“Don’t drink the water,” is probably the most over-used piece of travel advice tourists get when telling people that they’re traveling to Mexico. The truth is that sanitation and water purification have come a long way in Mexico’s tourism hot spots. Restaurants cook with and serve purified water to their guests and if ice is available, it’s also been purified. You don’t need to worry about the glass of water at your table or about asking for ice for your soda.
Same is true of water at the large hotels. While it’s still advisable to drink bottled water for refreshment and hydration, you can brush your teeth, wash your face and shower without worrying that a droplet of water in your mouth will leave you huddling near your hotel bathroom for the rest of your trip.
As a long time resident of Puerto Vallarta and frequent traveler throughout Mexico, I’ve never been sick. Not even once. Not even after eating highly questionable things from sketchy street vendors. Still, it pays to be careful. Here are some things you can do to help protect yourself from the discomfort of Montezuma’s Revenge:
- Wash your hands. Wash your hands before you eat without fail. If you do not have access to a sink and soap, make sure you use hand sanitizer. After you eat, wash them again. Wash them after picking through trinkets at the market; wash them after you get out of the cab. Keep washing and keep your fingers out of your mouth.

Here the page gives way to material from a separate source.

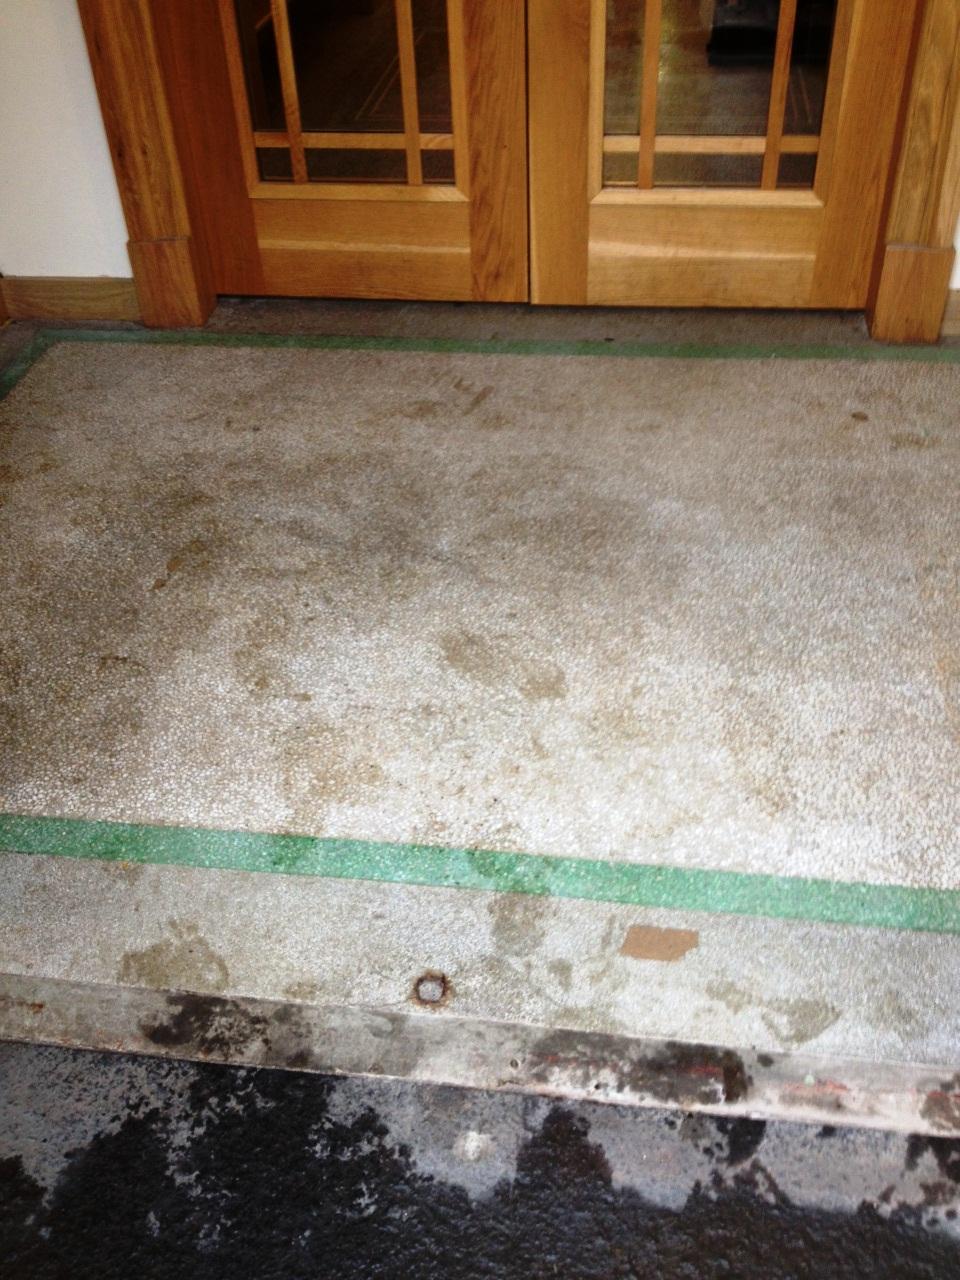 School Terrazzo Floor Kilmacolm before cleaning

- Be vigilant. If you’ve got a hankering for tacos al pastor from a street vendor, indulge! Just make sure that the vendor is using good food handling techniques, such as hand washing and not touching money and then food. Many vendors will use plastic bags or gloves when handling money so as not to contaminate their hands. Look for busy and clean stalls, stands and restaurants.
- Before you eat it, wash it. Wash fruits and vegetables, even ones that you peel, before you prepare or eat them. Wipe off the tops of soda cans before drinking from them. Citrus is a natural disinfectant, so use limes to wipe rims of bottles and cans. (I bet you were wondering why Mexican beer usually includes a lime, weren’t you?)
- Keep it cold. The weather is hot and humid much of the year in Mexico and food spoils more quickly there. Don’t leave meat, cheese or other perishables out for long.
- Service your water tank. If you’re renting a house for the season in Puerto Vallarta or decide to stay longer, ask when the last time the water tank was serviced at your rental. Most Mexican homes have water tanks on the roof which should be serviced every 6 months, although many are never cleaned (and thus can contain bacteria and algae).
These steps won’t guarantee a trouble-free trip; after all, some people just have sensitive digestive systems, but they will go a long ways towards preventing avoidable problems!